BEGIN DATA RECORDS

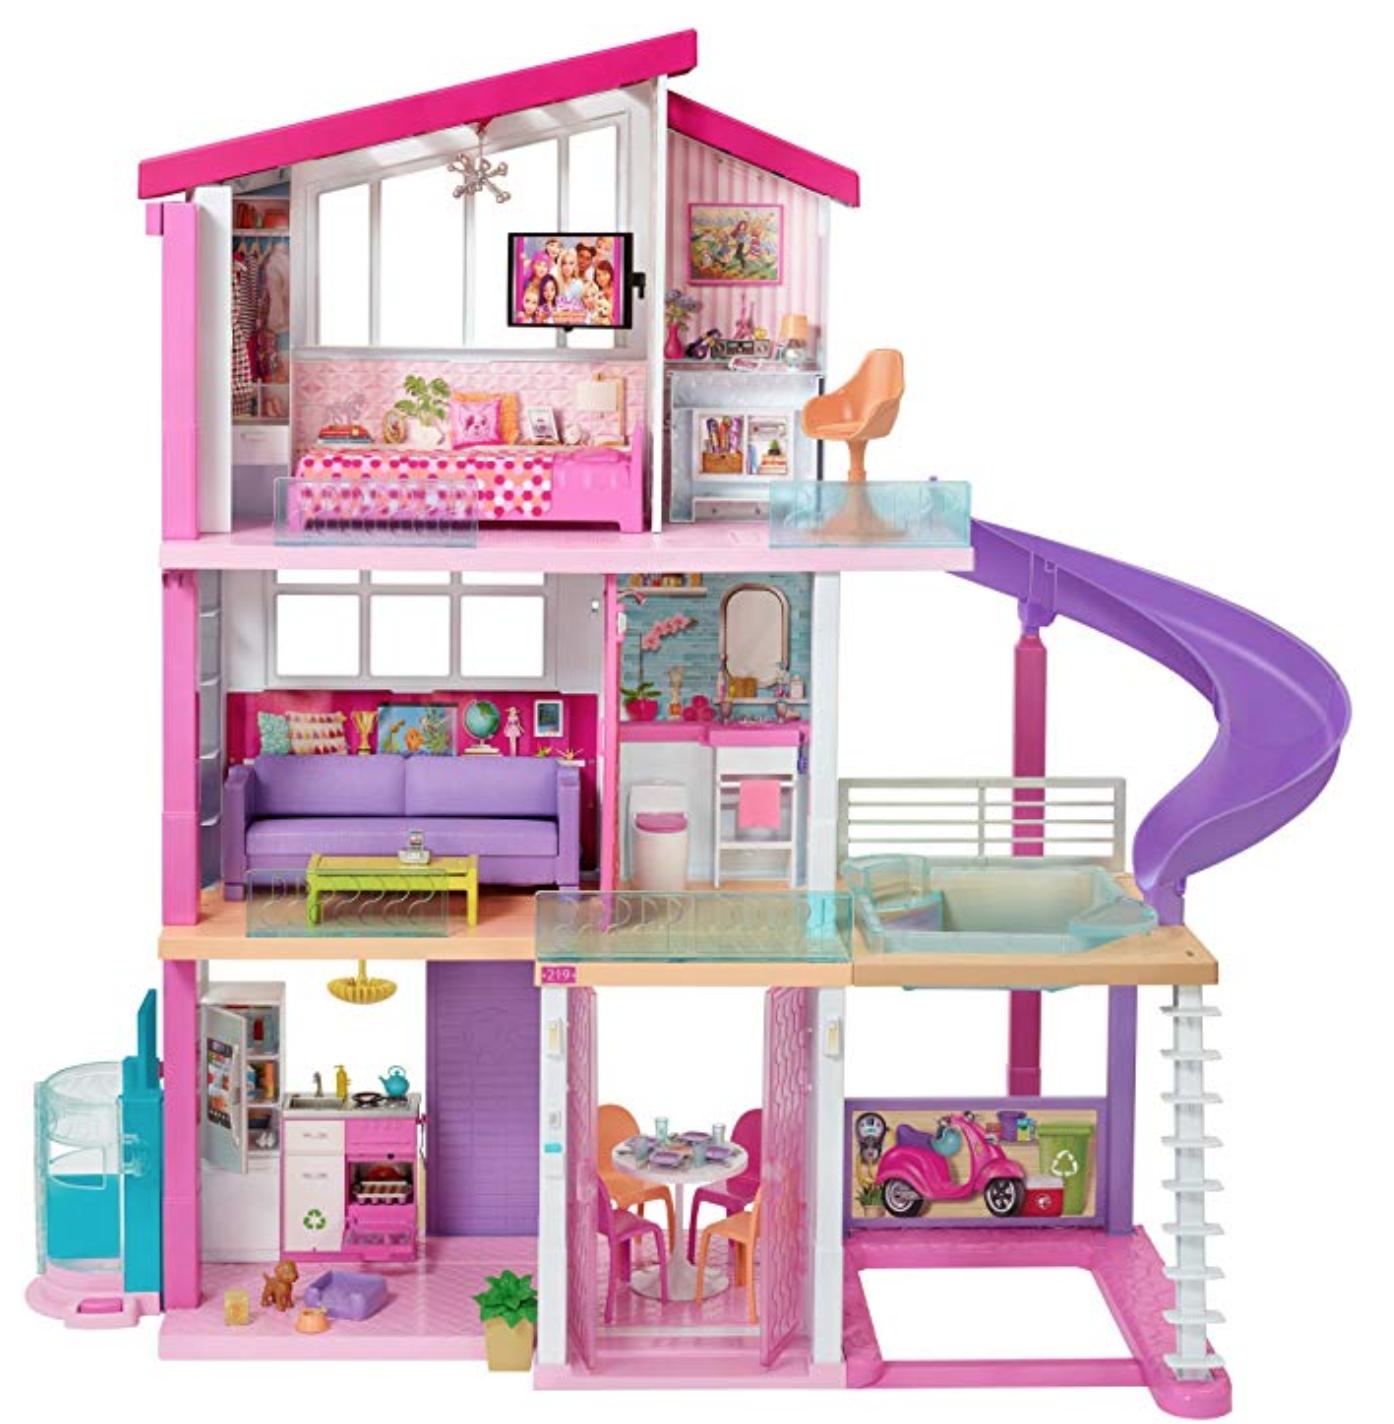 BarbieDreamhouse
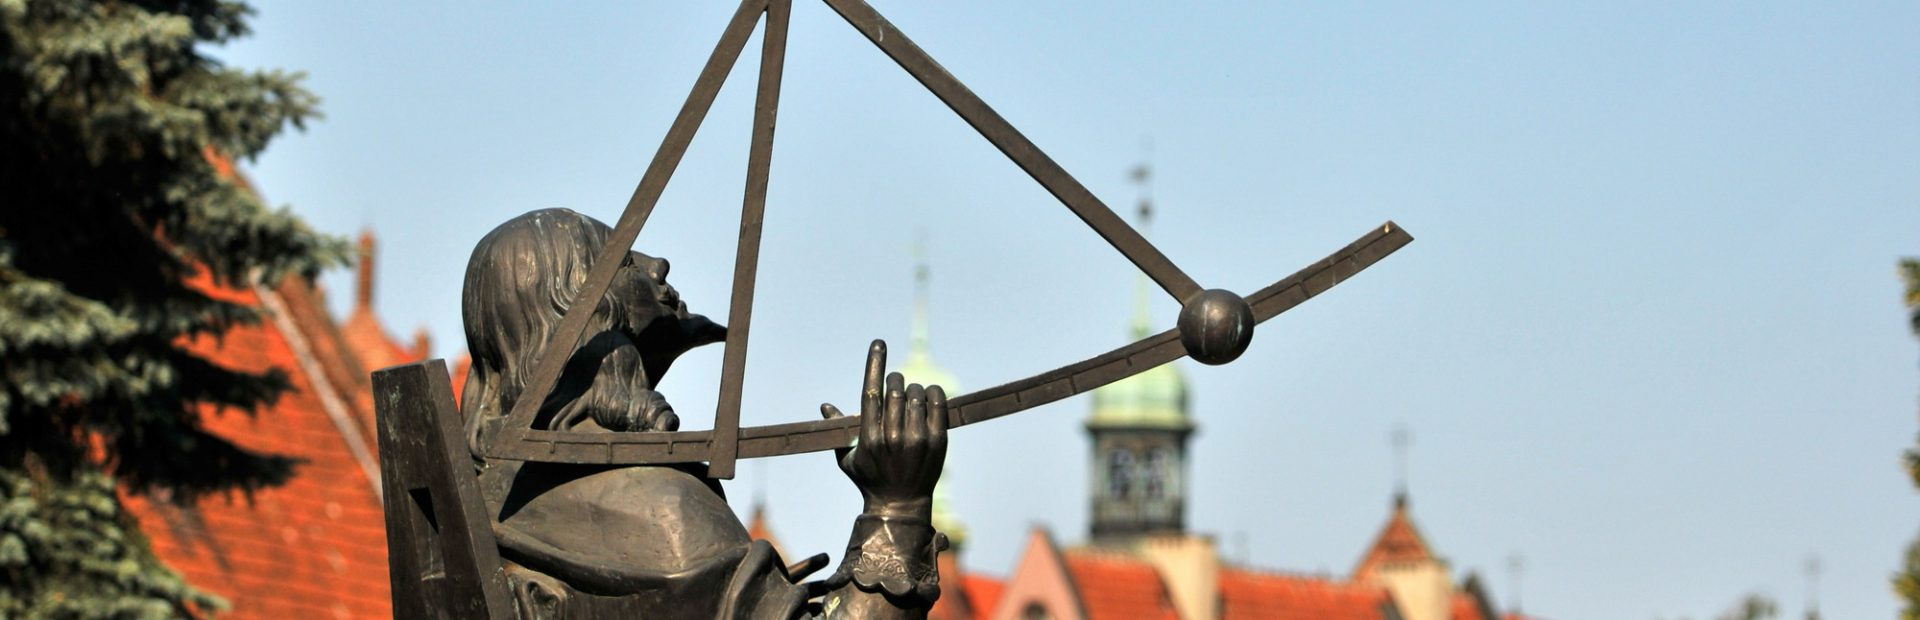 Hewelius Telescope, Polish Da Vinci lived in Gdansk
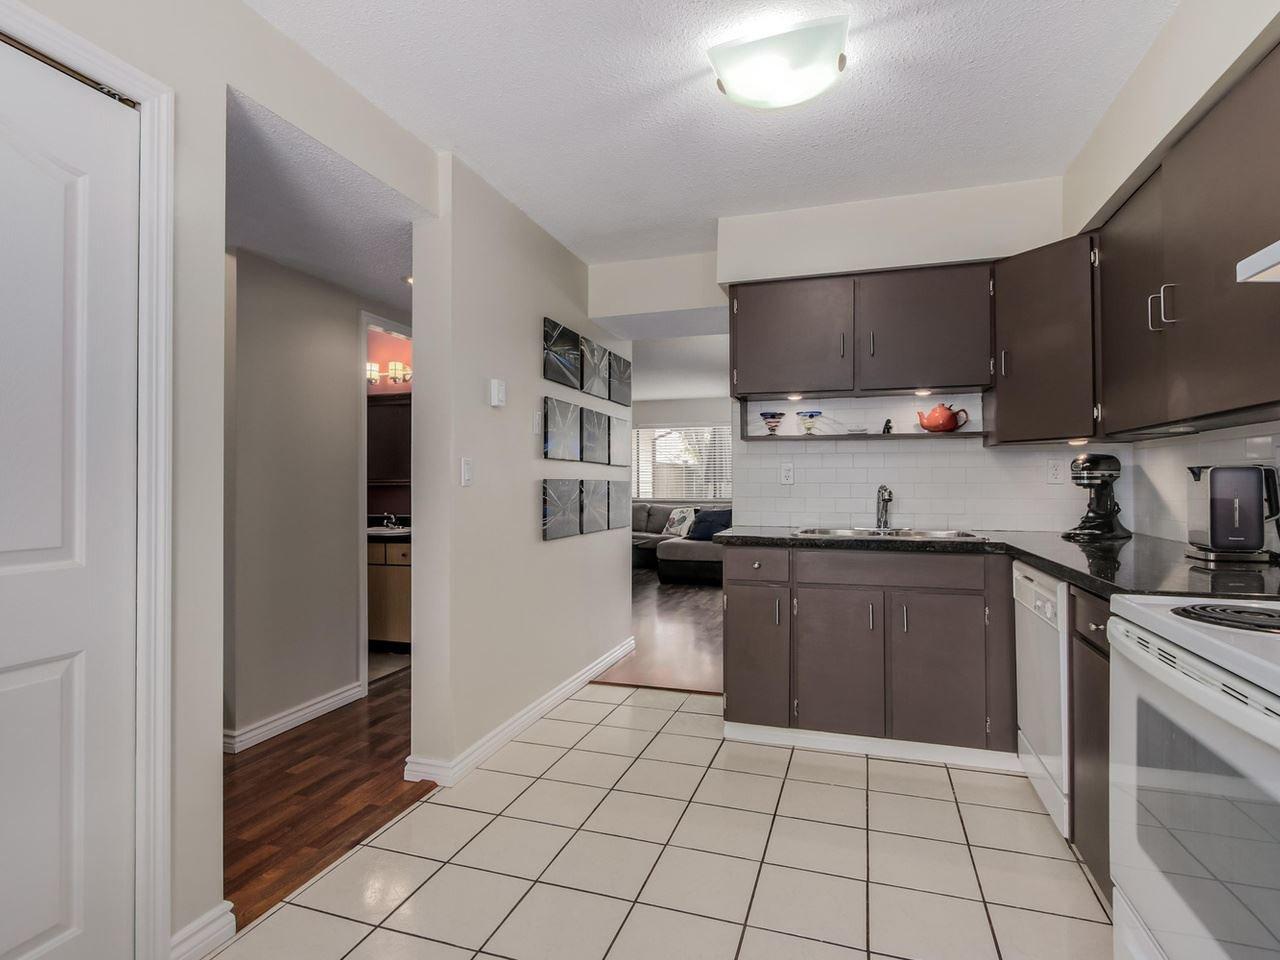 "Photo 9: Photos: 60 4800 TRIMARAN Drive in Richmond: Steveston South Townhouse for sale in ""BIRCHWOOD ESTATES"" : MLS®# R2069692"
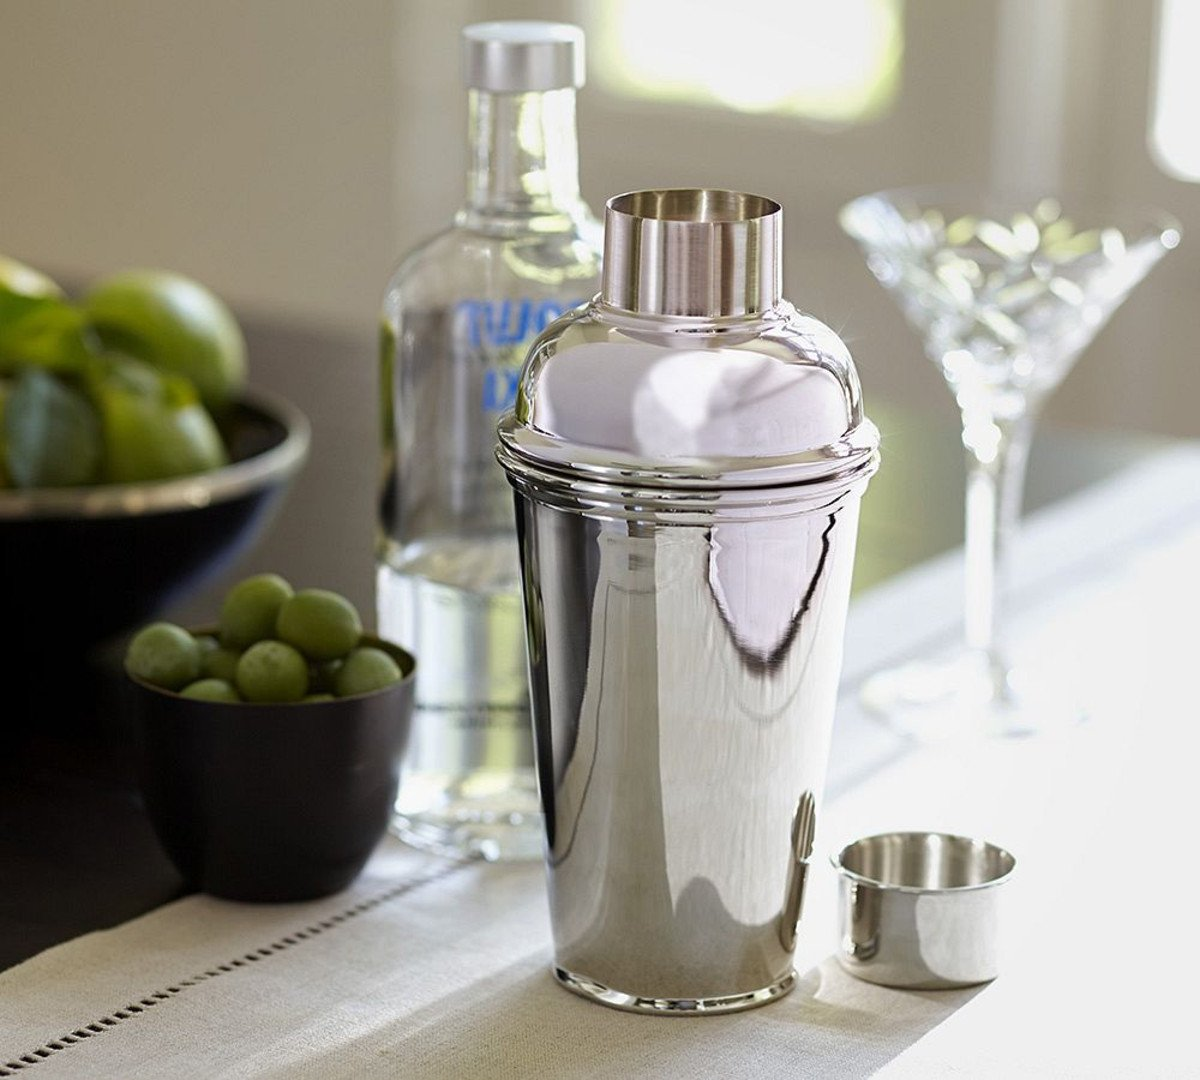 Cocteleras o shakers
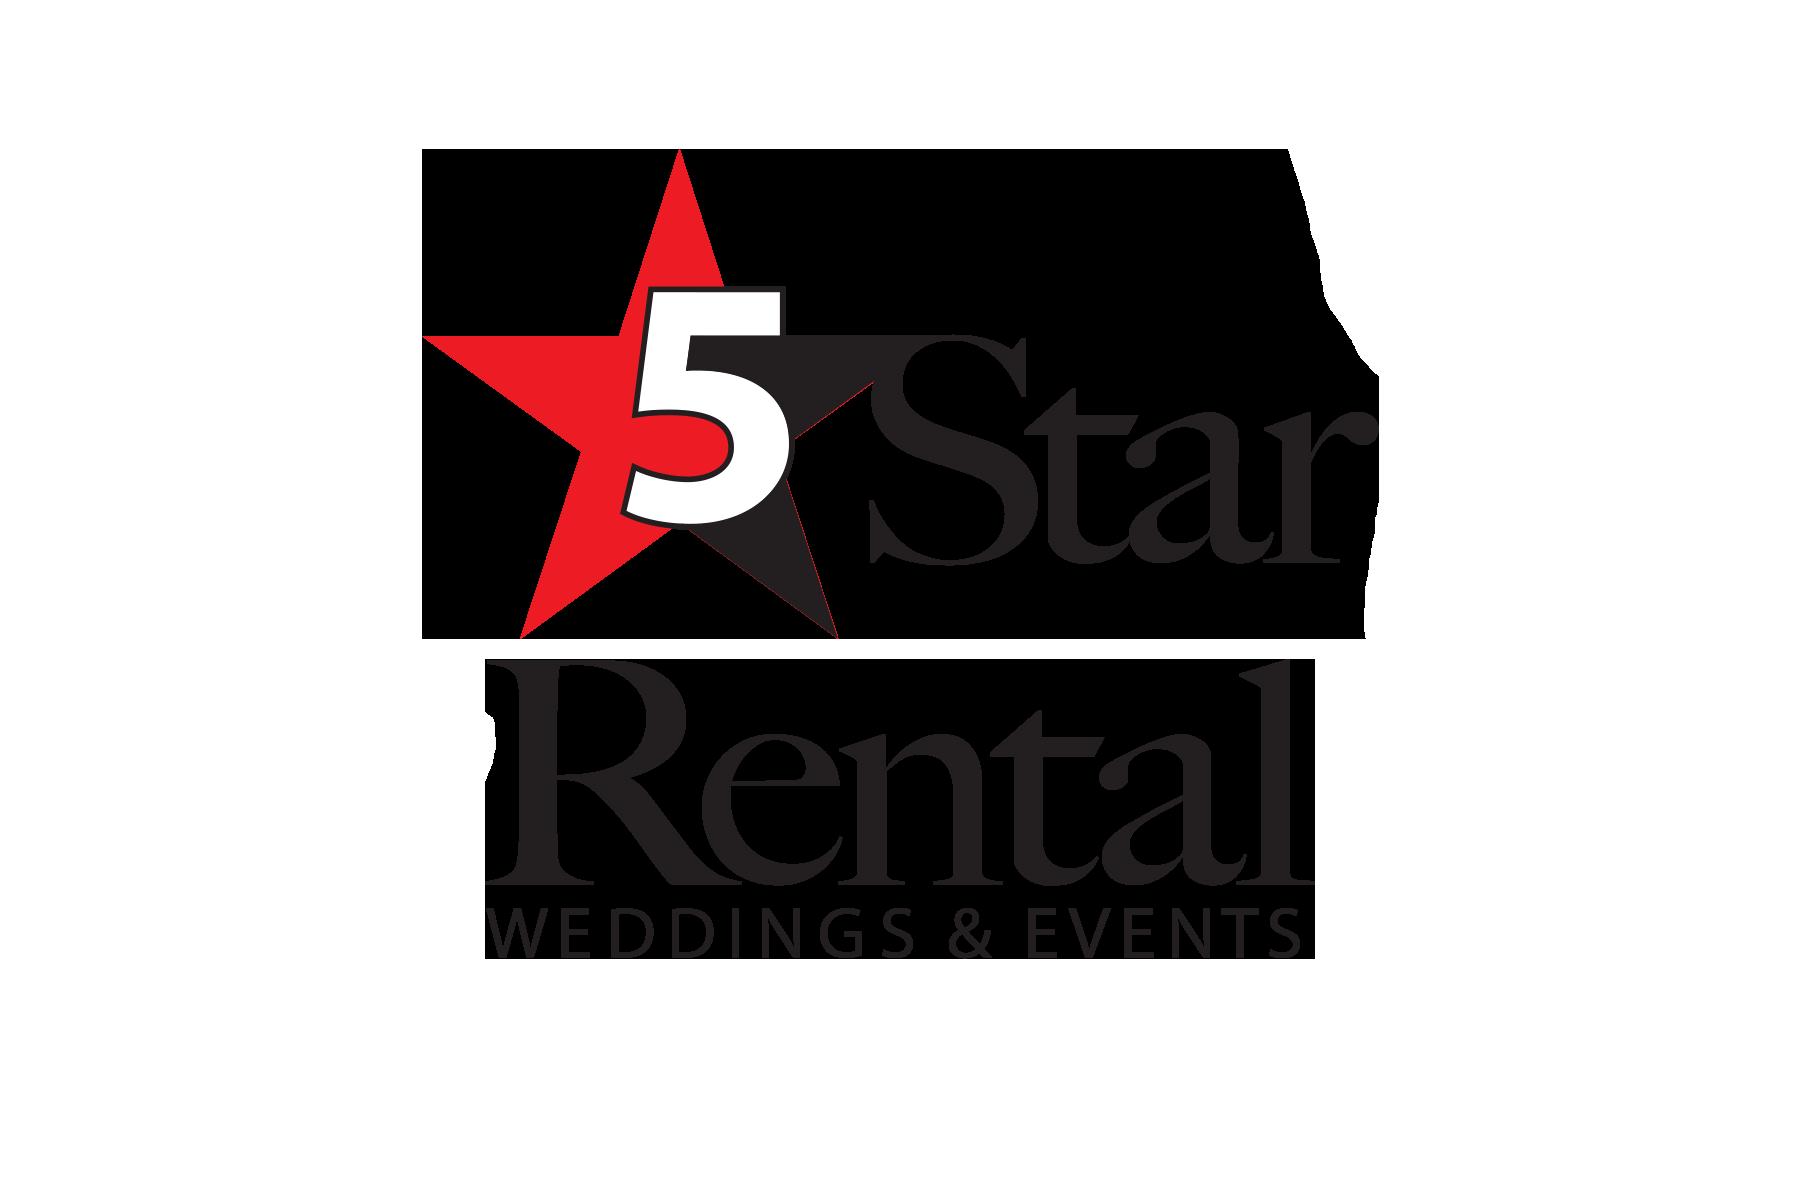 5 Star Rental - 5 Star Rental

END DATA RECORDS

WHAT YOU ARE ASKED TO DO: Exclude the pictures and reproduce every entry exactly.

OUTPUT FOR THIS EXERCISE:
 BarbieDreamhouse
 Hewelius Telescope, Polish Da Vinci lived in Gdansk
 "Photo 9: Photos: 60 4800 TRIMARAN Drive in Richmond: Steveston South Townhouse for sale in ""BIRCHWOOD ESTATES"" : MLS®# R2069692"
 Cocteleras o shakers
 5 Star Rental - 5 Star Rental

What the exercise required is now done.